* **SOURCE DATA**
┌──
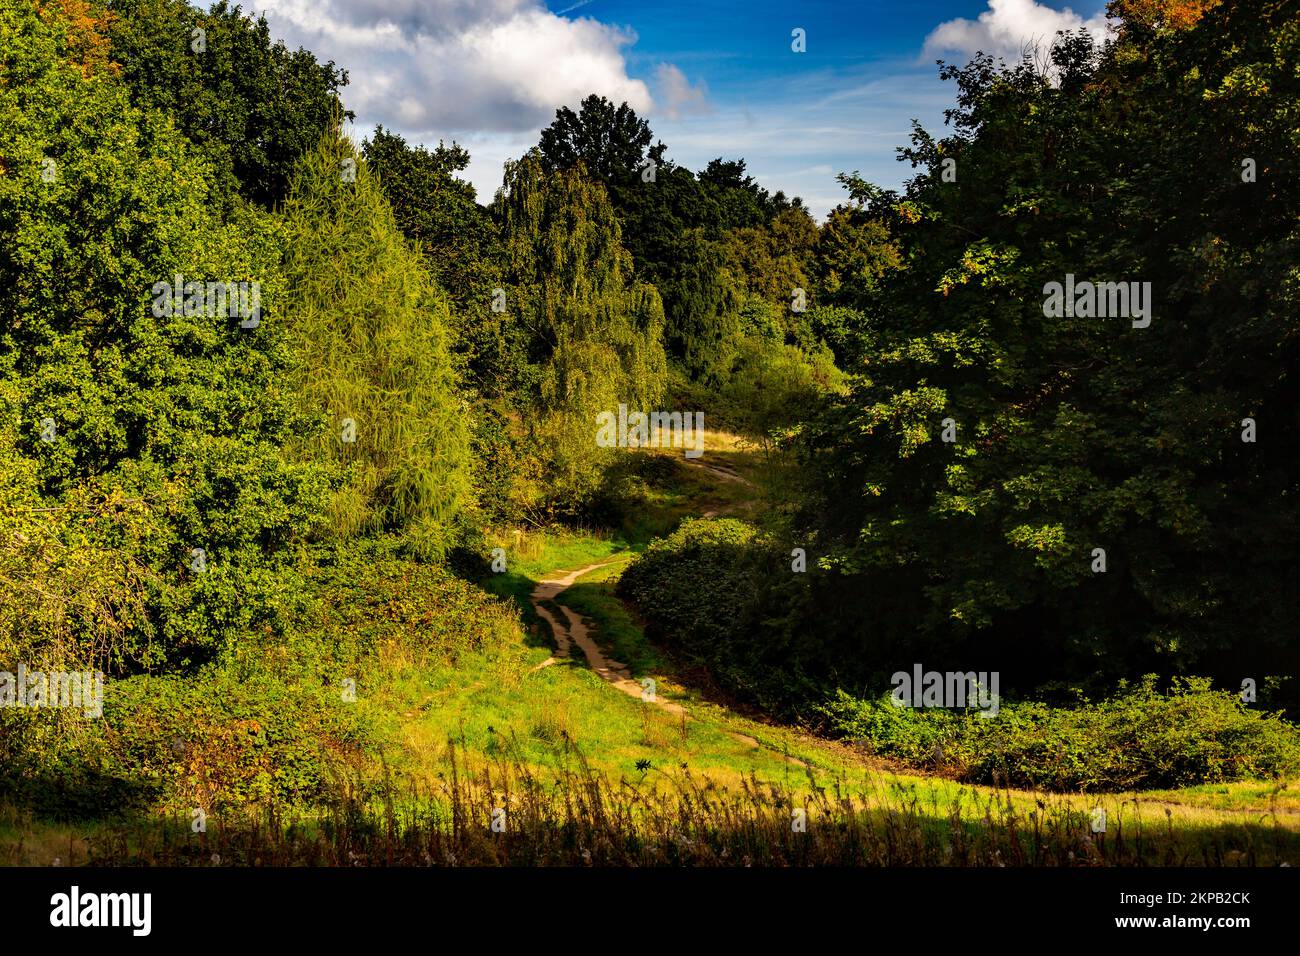 Hampstead Heath in North London nimmt eine riesige Gegend ein und bietet wunderschöne Spaziergänge und Klettertouren, wie in diesem sonnigen Bild in der Nähe des berühmten Tals der Gesundheit. Stockfoto
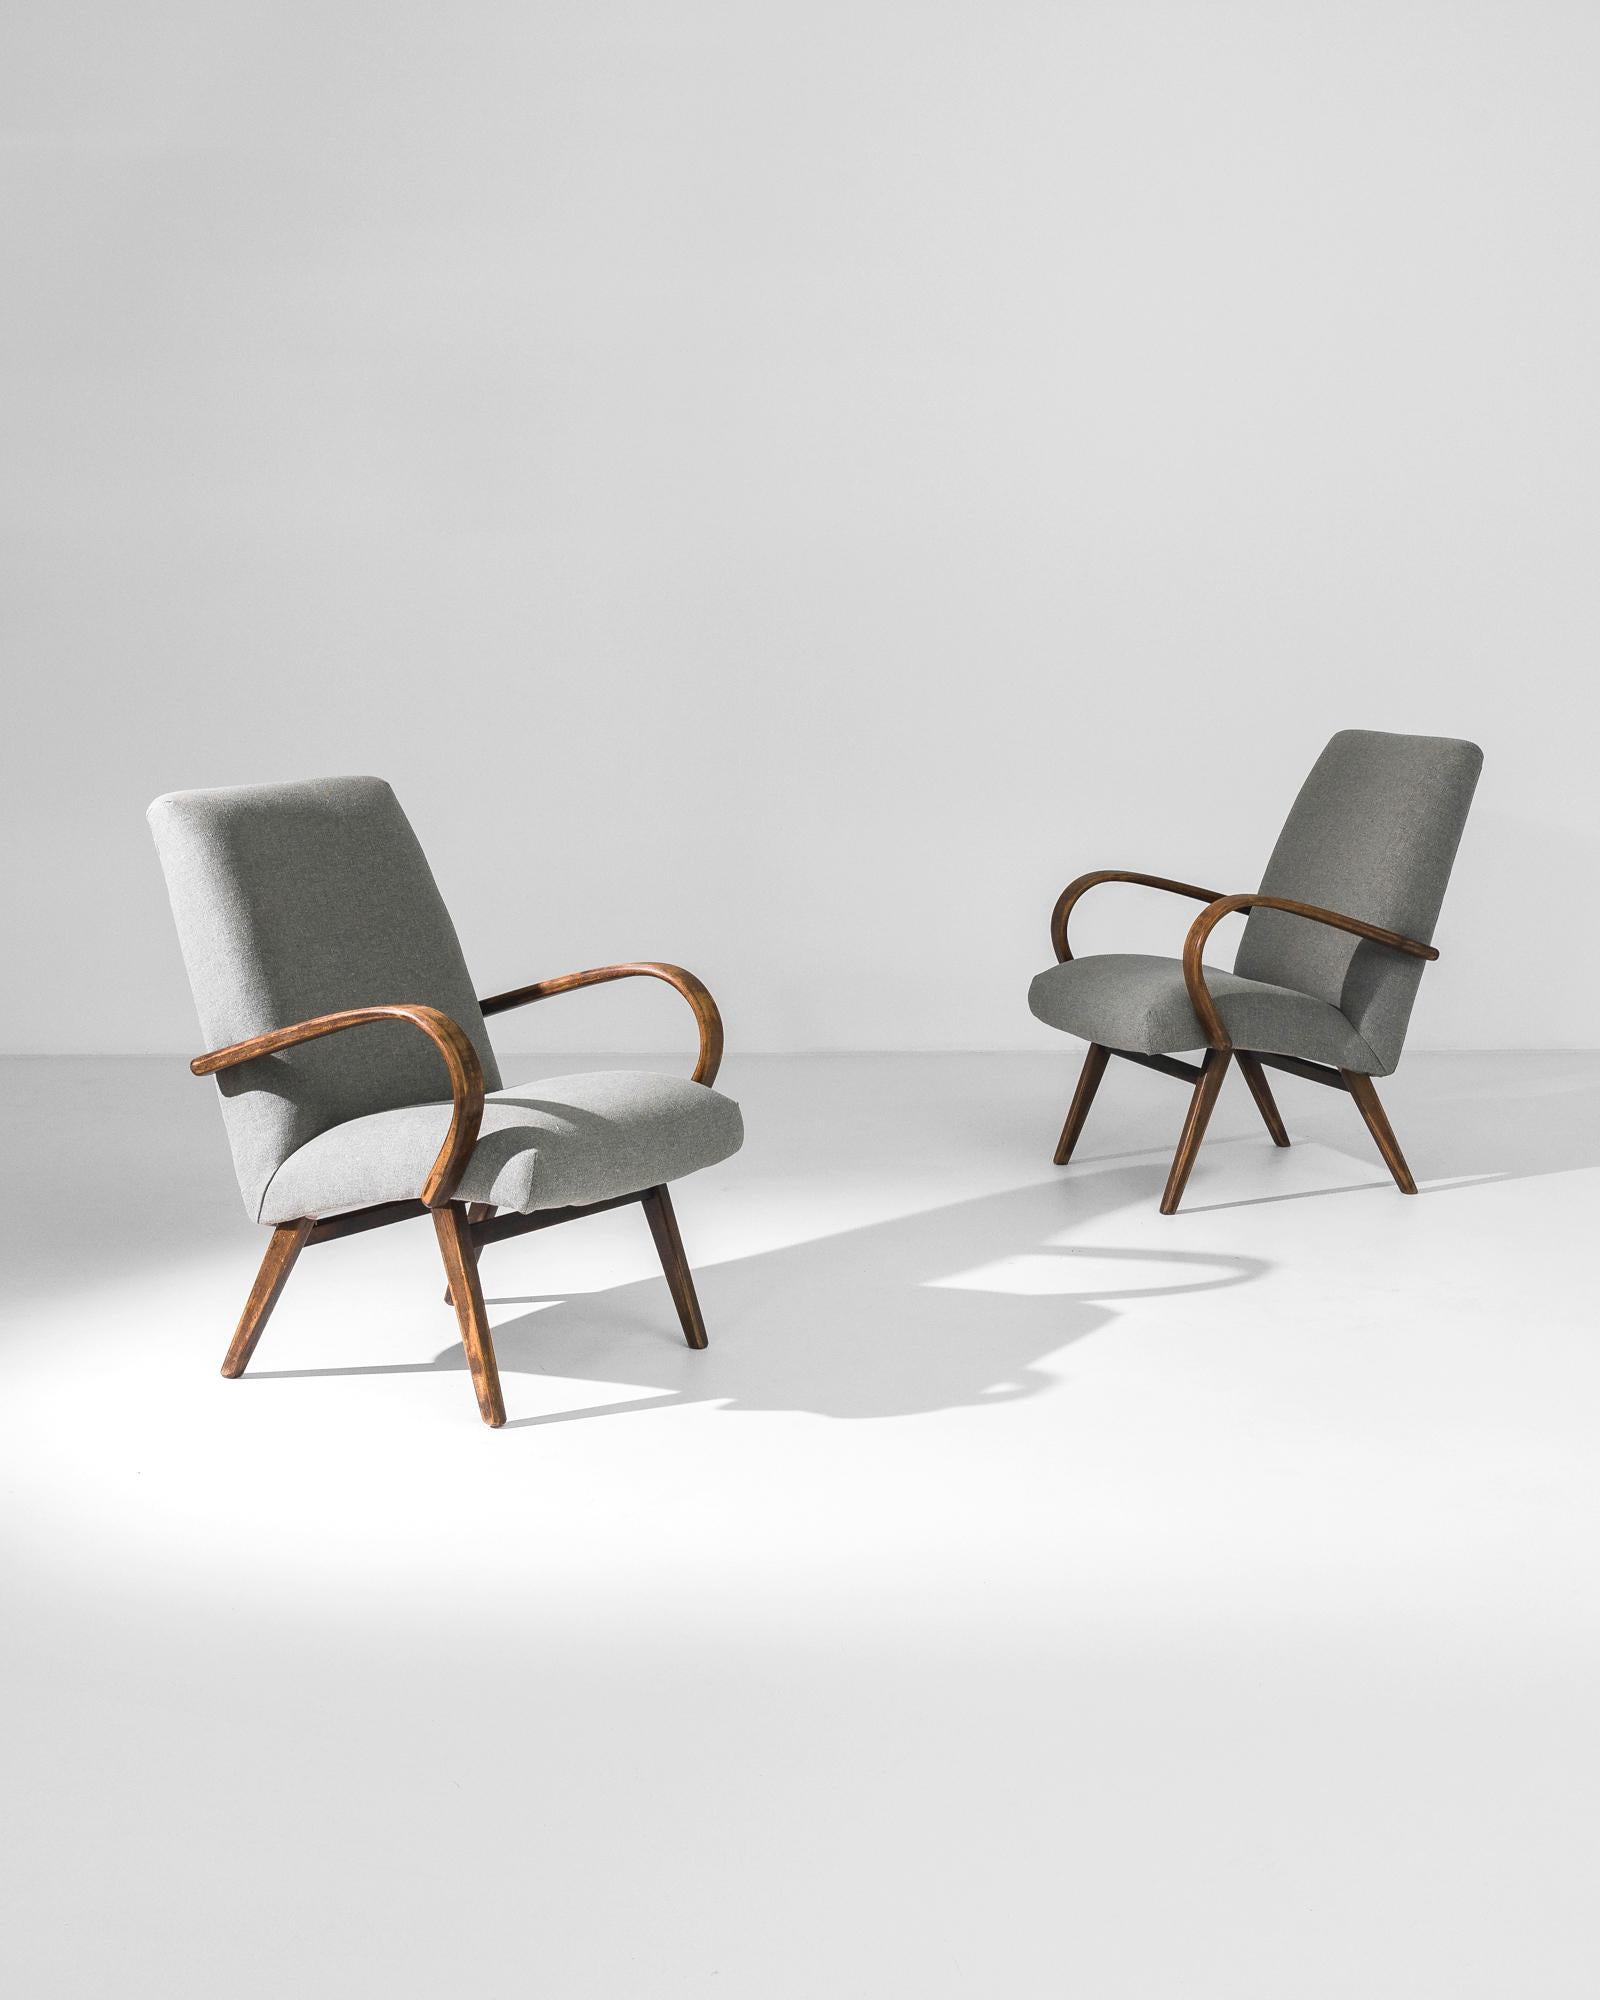 Fabriquée dans l'ancienne Tchécoslovaquie, cette paire de fauteuils en bois courbé datant d'environ 1950 a été retapissée avec un tissu gris moderne. Le mélange de coton et de lin a été choisi pour compléter l'élégance vintage du cadre en bois dur
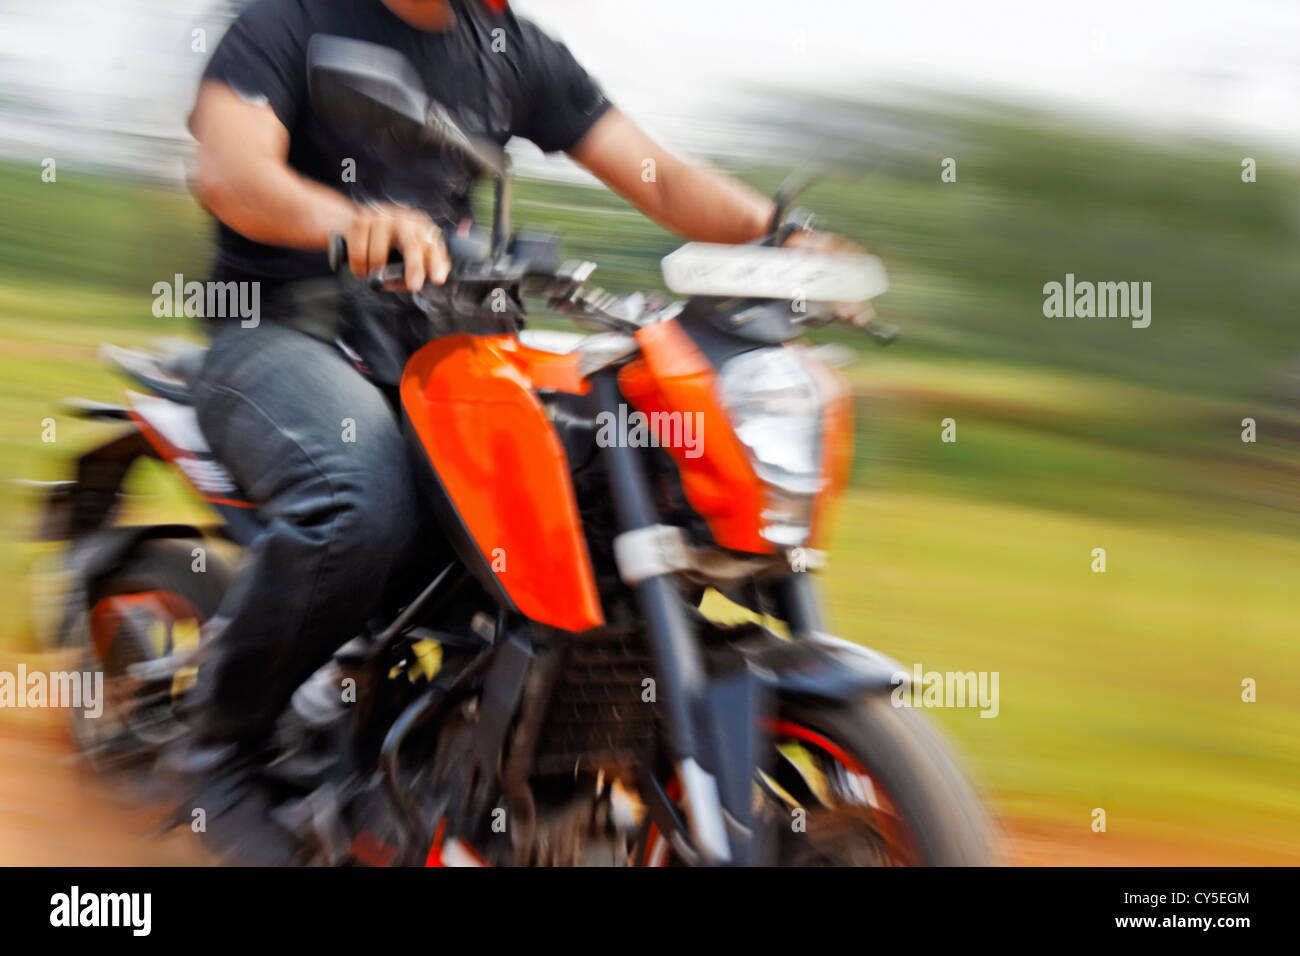 Capture d'image stéréo générique orange vitesse moto avec boiseries rider. t location Pachmarhi, Madya Predesh Inde Banque D'Images
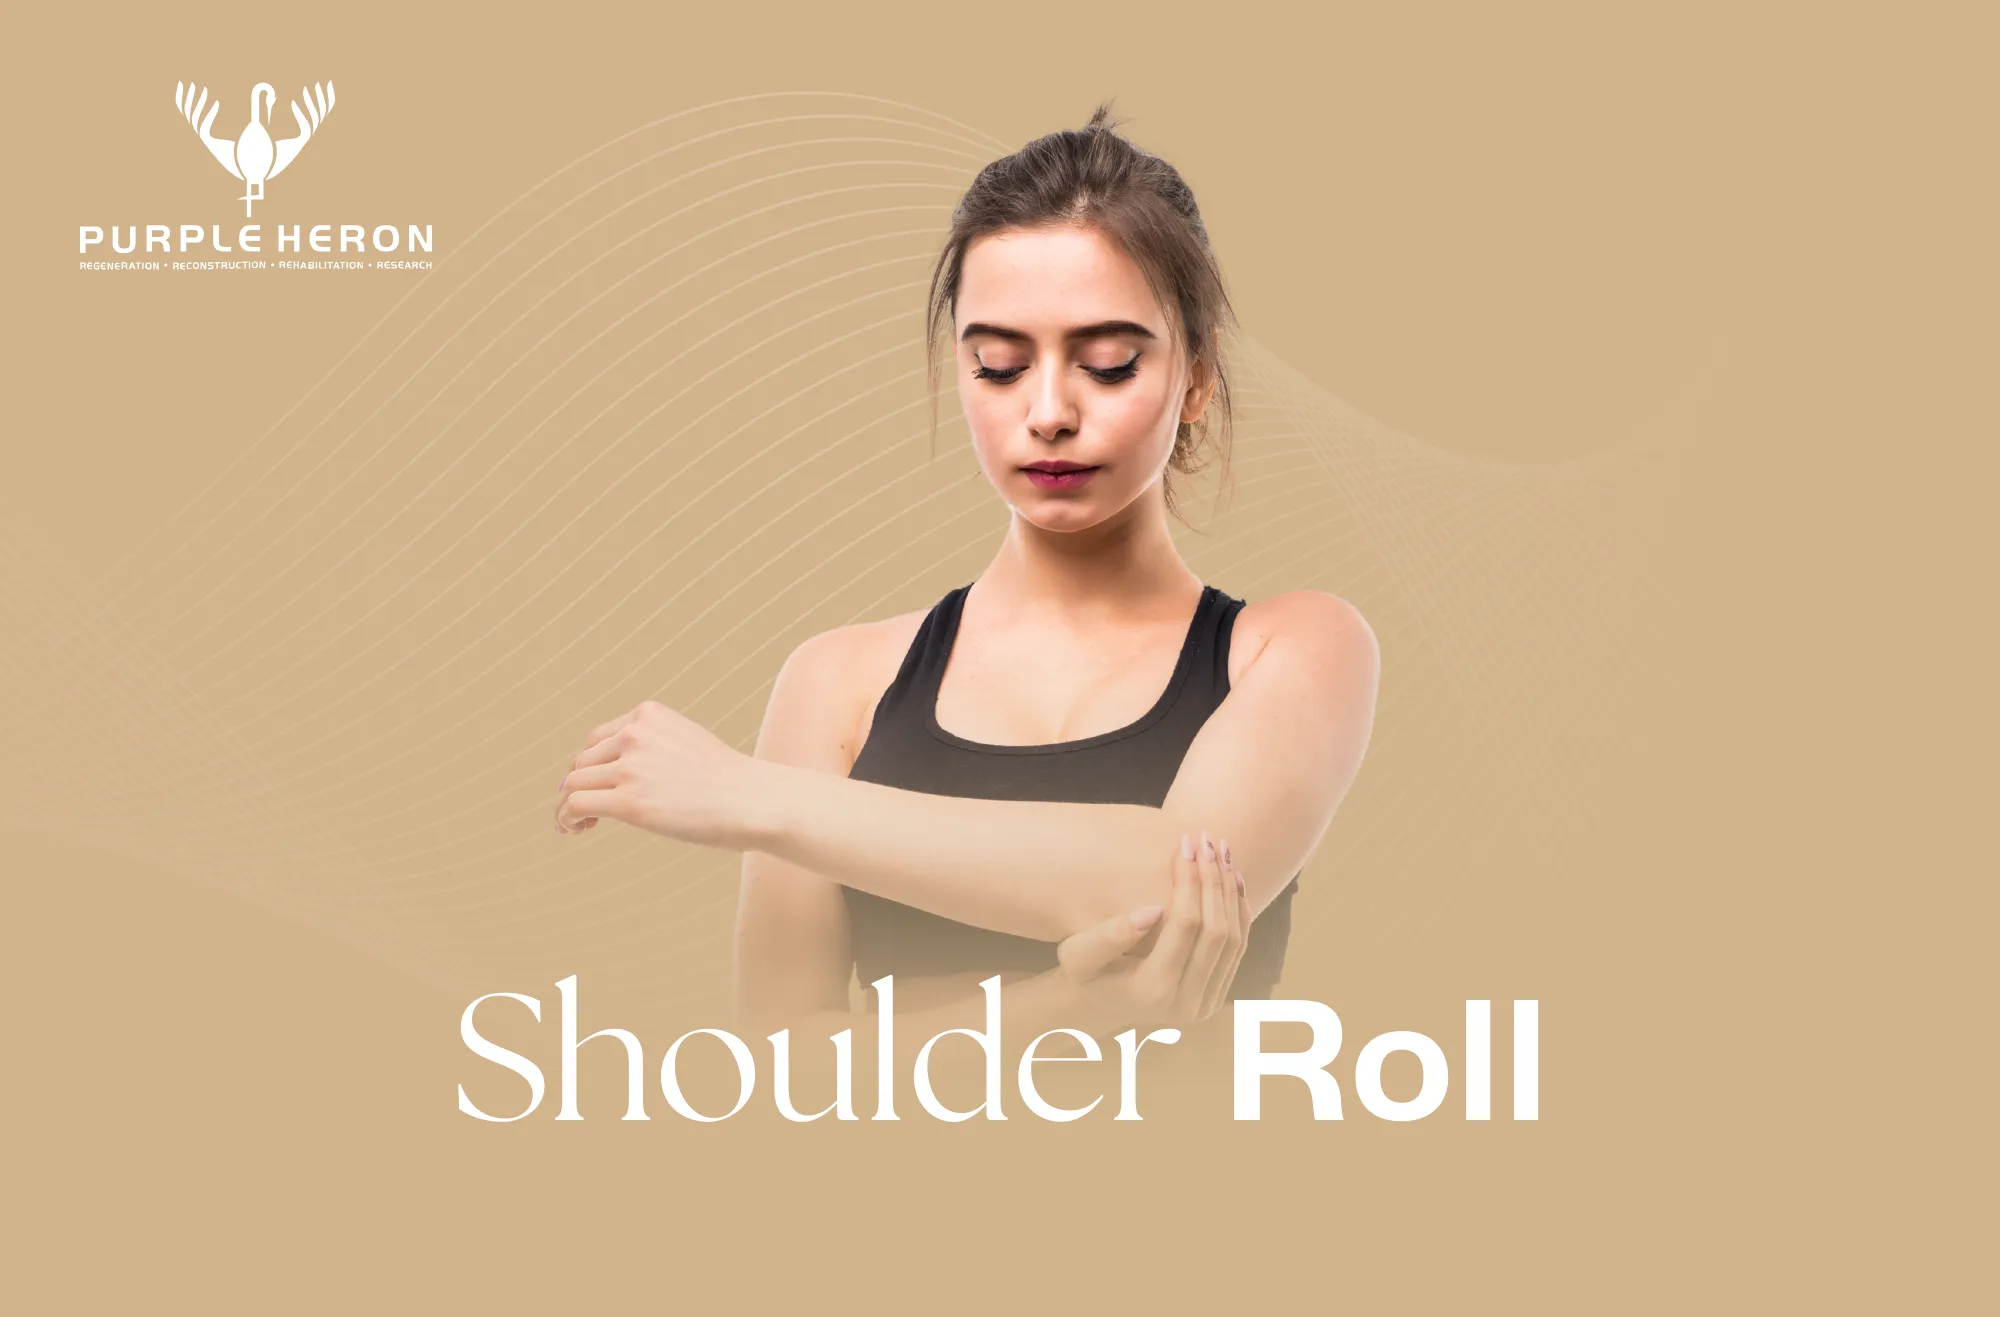 Shoulder Roll image
└──
* **THE PROBLEM**
Only one thing is required here: an exact copy of the lines from the one bearing "Capture d'image stéréo" through the final line above, both included, with pictures left out.

* **OUTPUT FOR THIS TASK**
 Capture d'image stéréo générique orange vitesse moto avec boiseries rider. t location Pachmarhi, Madya Predesh Inde Banque D'Images
 Shoulder Roll image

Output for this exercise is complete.